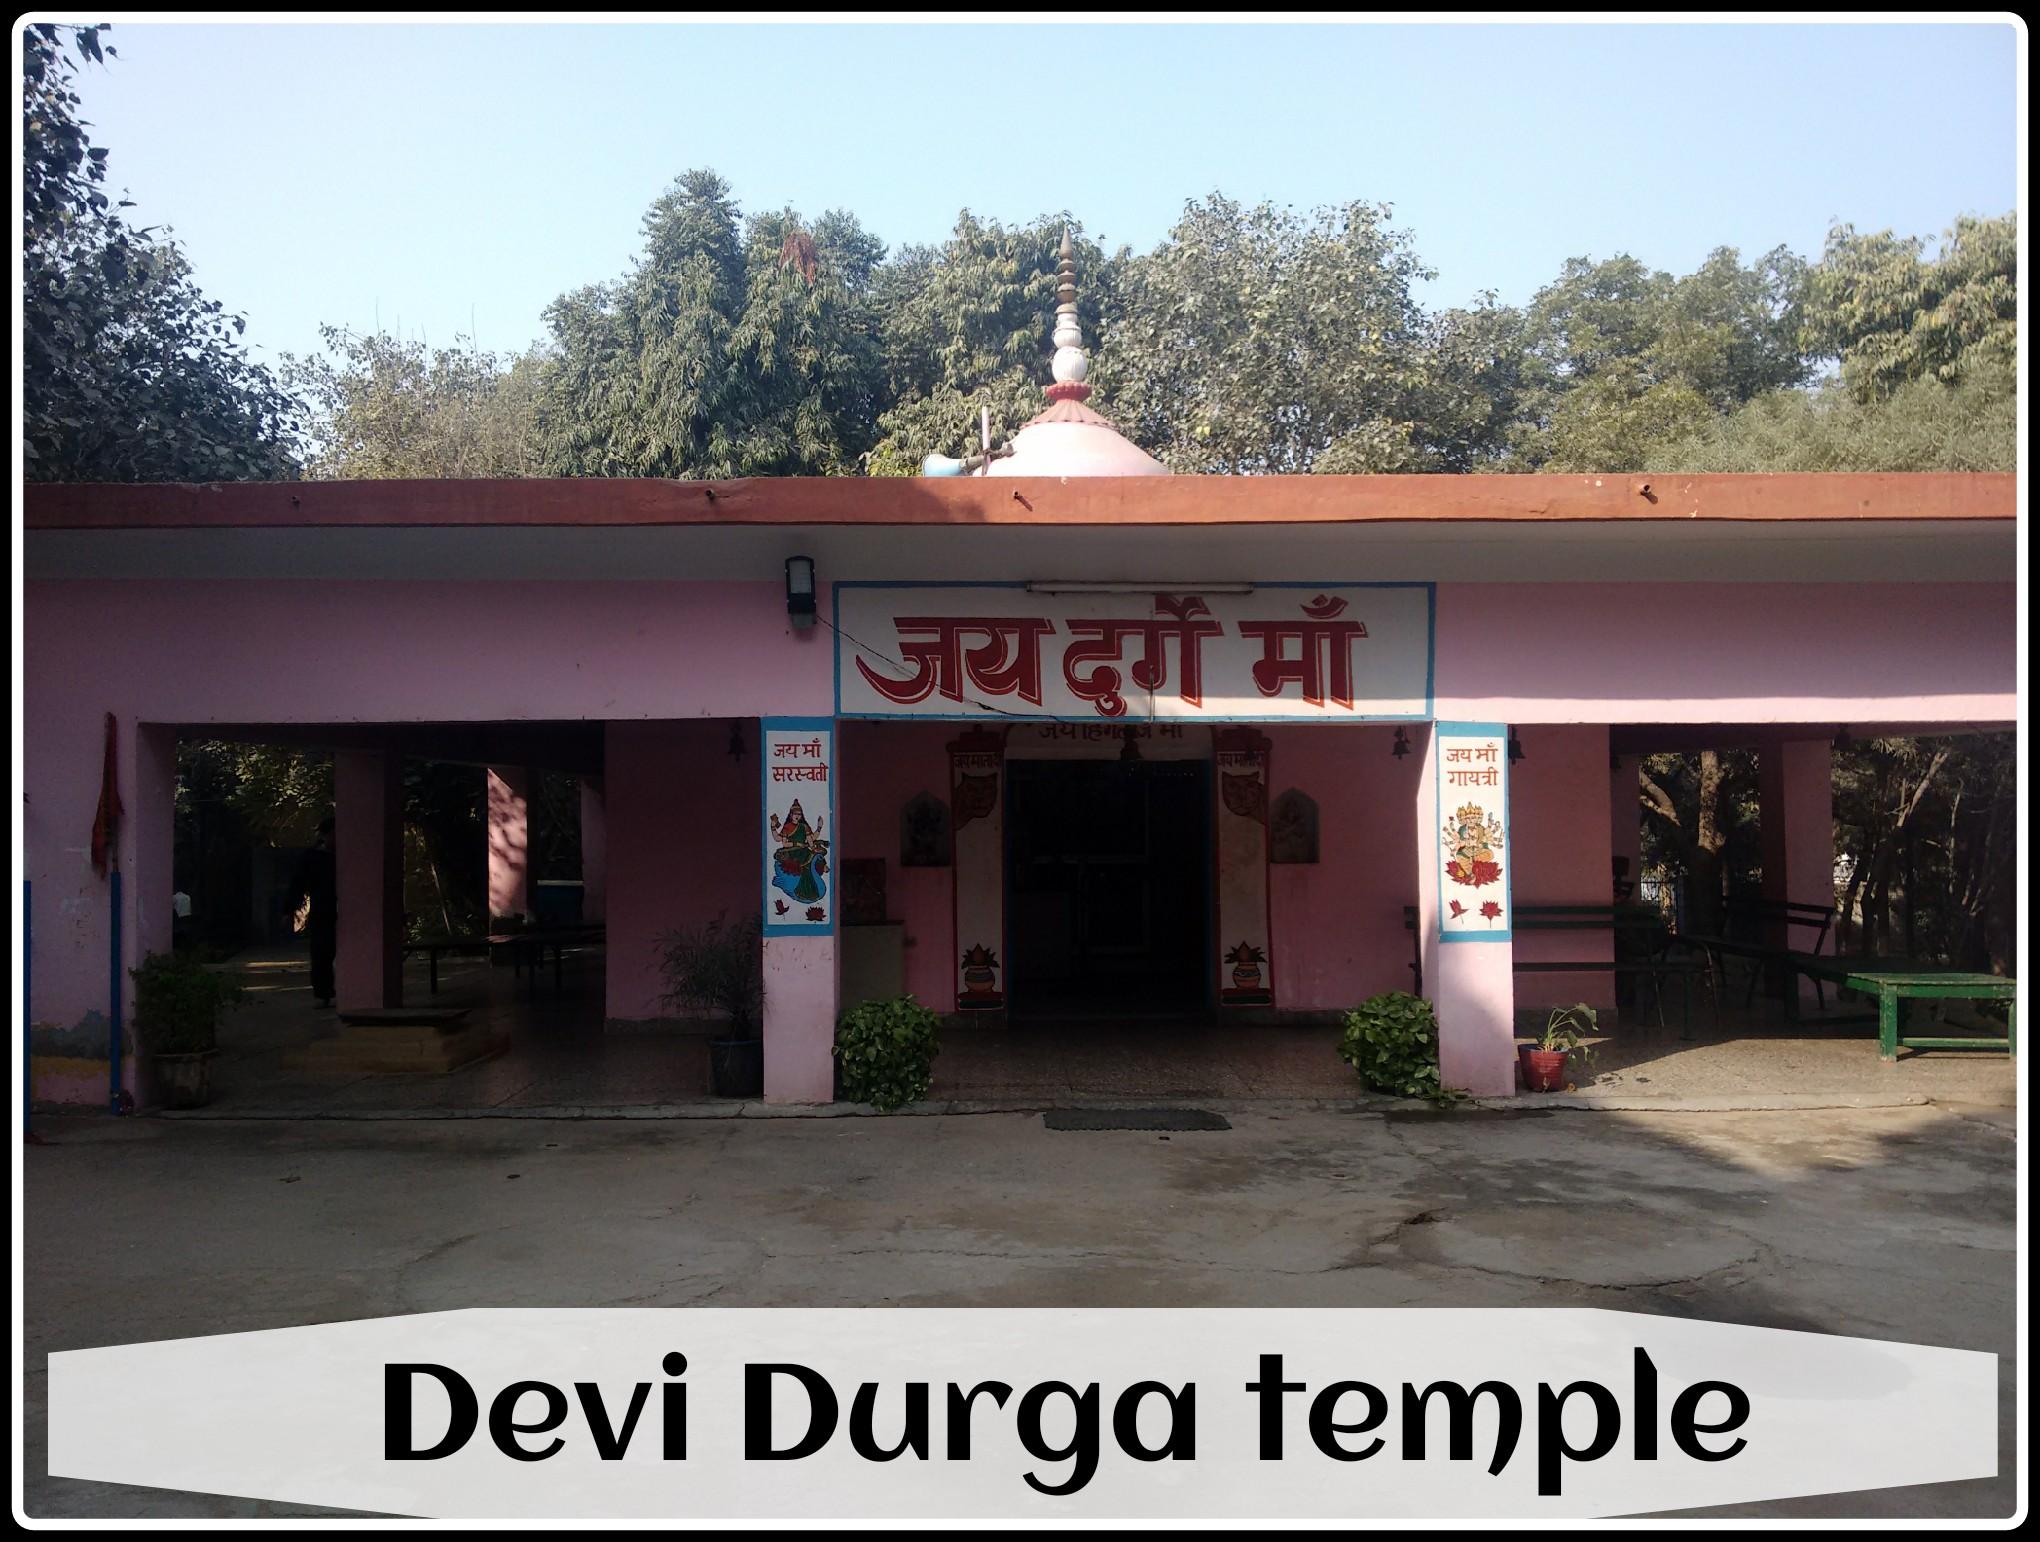 The Durga Temple
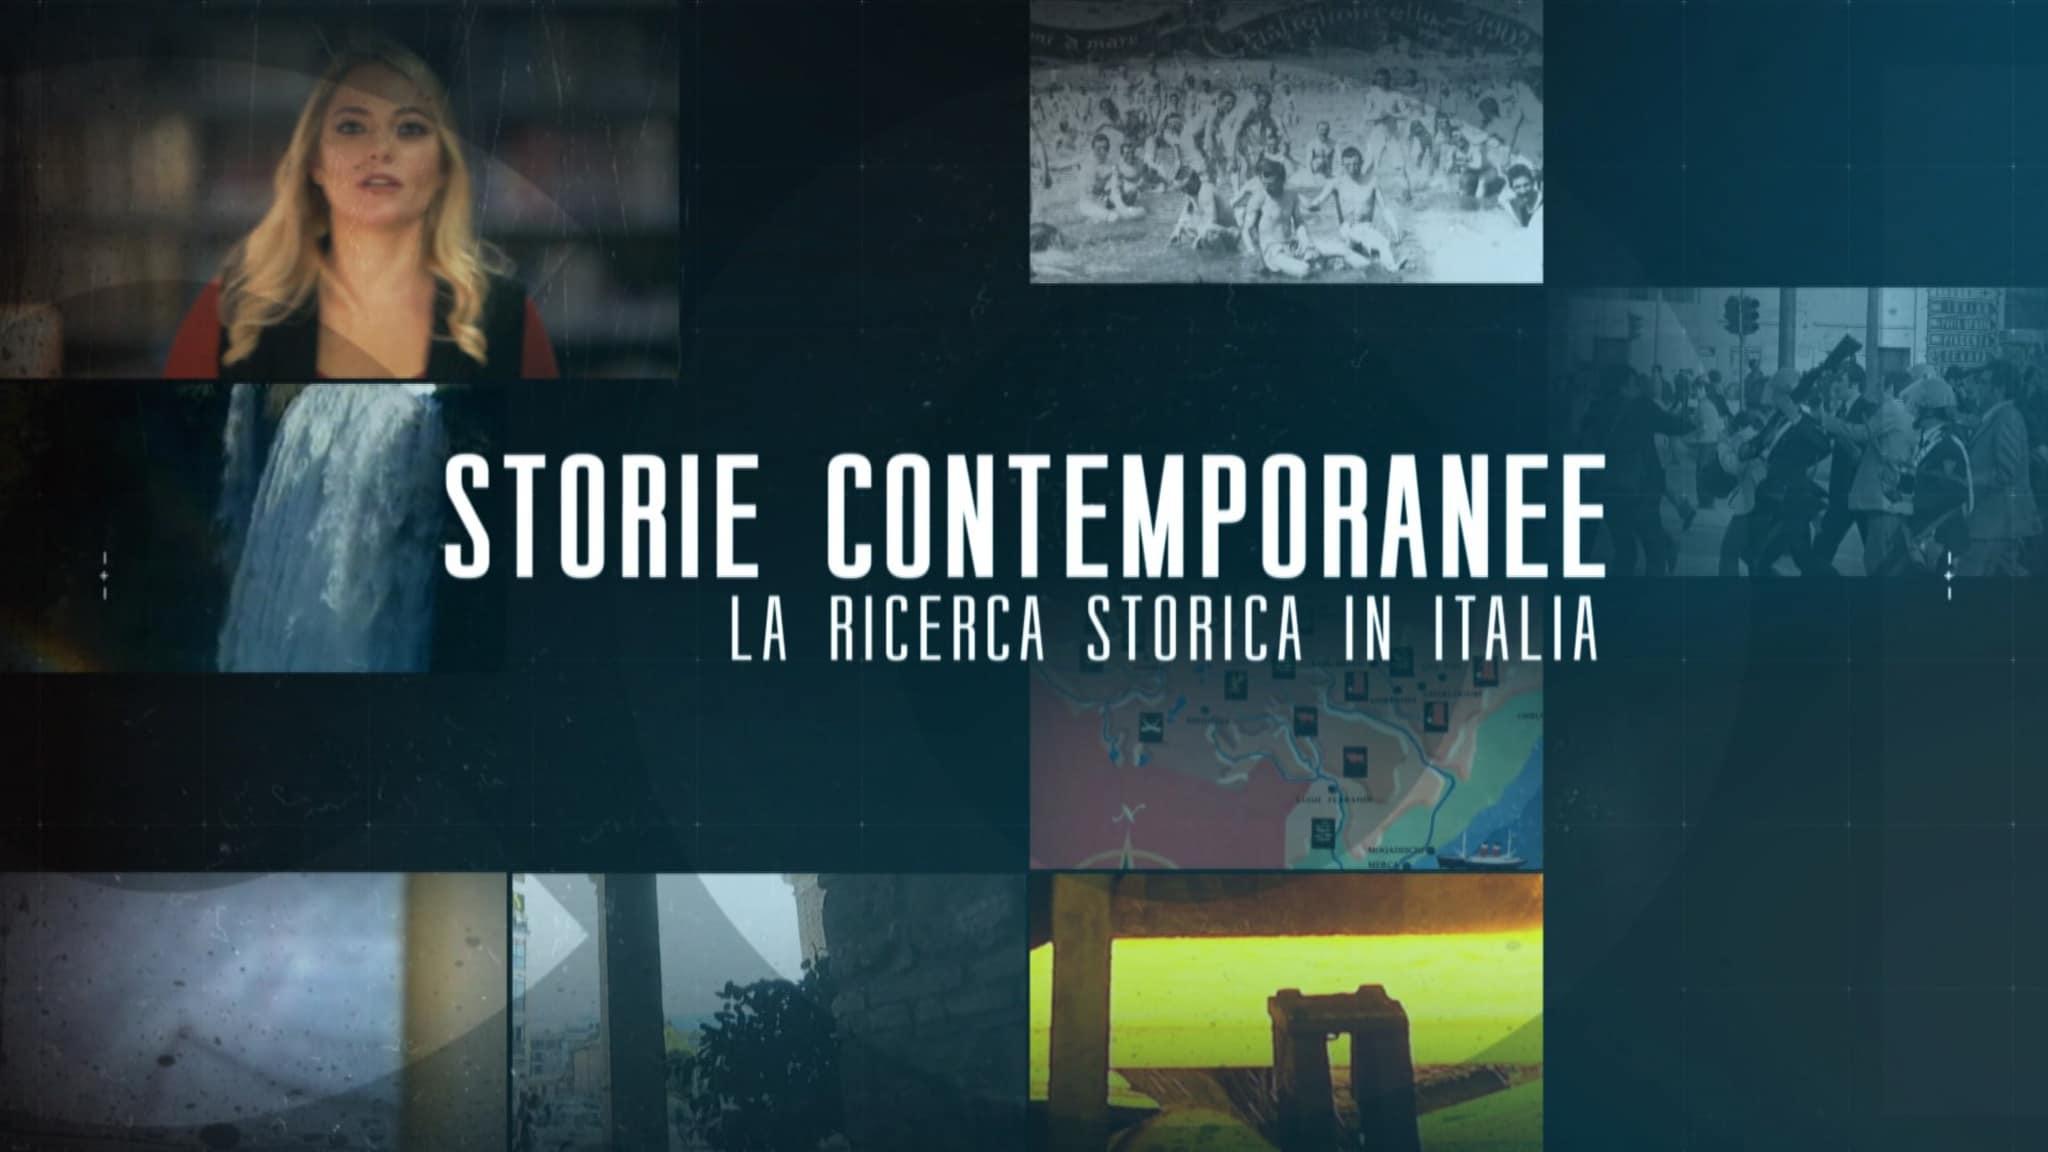 Rai Storia Storie contemporanee. La ricerca storica in Italia p.2
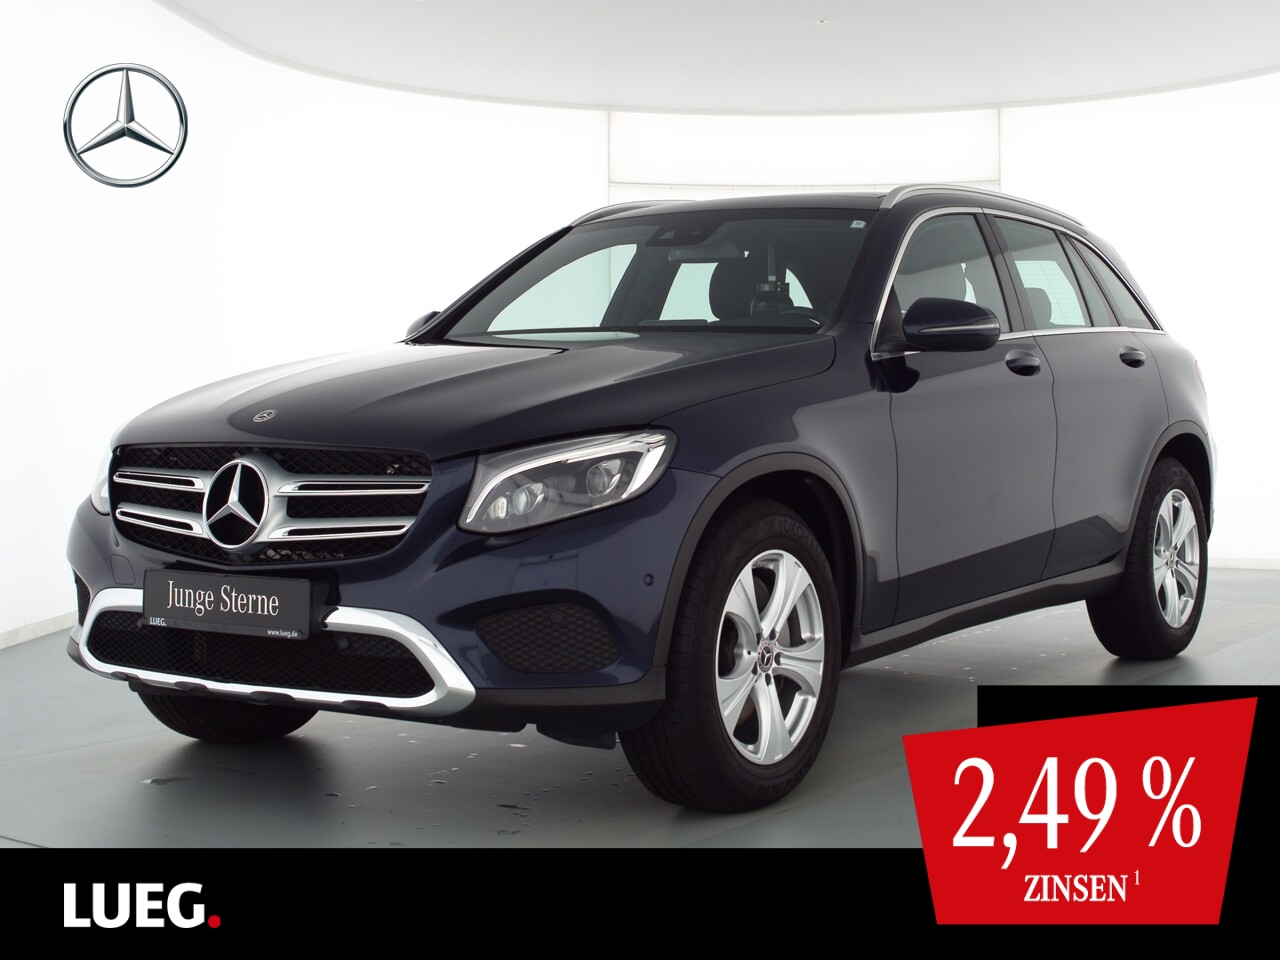 Mercedes-Benz GLC 250 4M COM+Pano+Burm+LED-ILS+Sthzg+SpurP+RFK, Jahr 2019, Benzin
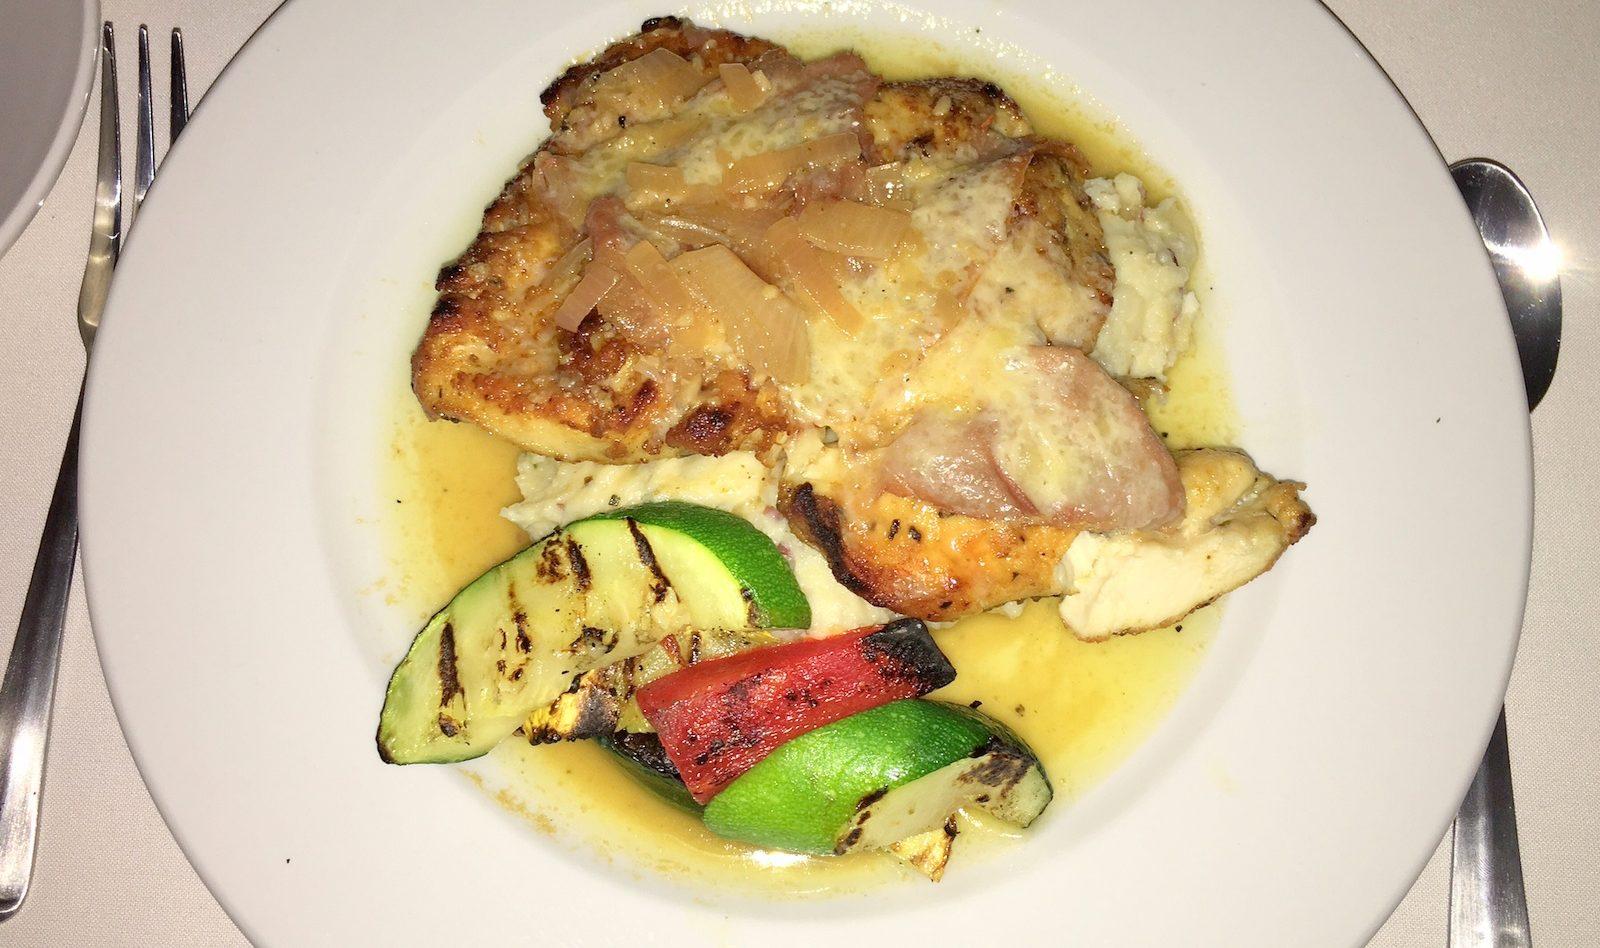 Bellini Bistro's chicken saltimbocca is served with garlic mashed potatoes. (Photo: Bellini's Bistro)

WHAT IS REQUIRED:
No pictures belong in the copy; quote exactly the lines from the line containing "Mercedes-Benz GLC 250" through the final line of the material, both ends included.

OUTPUT OF THE TASK:
 Mercedes-Benz GLC 250 4M COM+Pano+Burm+LED-ILS+Sthzg+SpurP+RFK, Jahr 2019, Benzin
 Bellini Bistro's chicken saltimbocca is served with garlic mashed potatoes. (Photo: Bellini's Bistro)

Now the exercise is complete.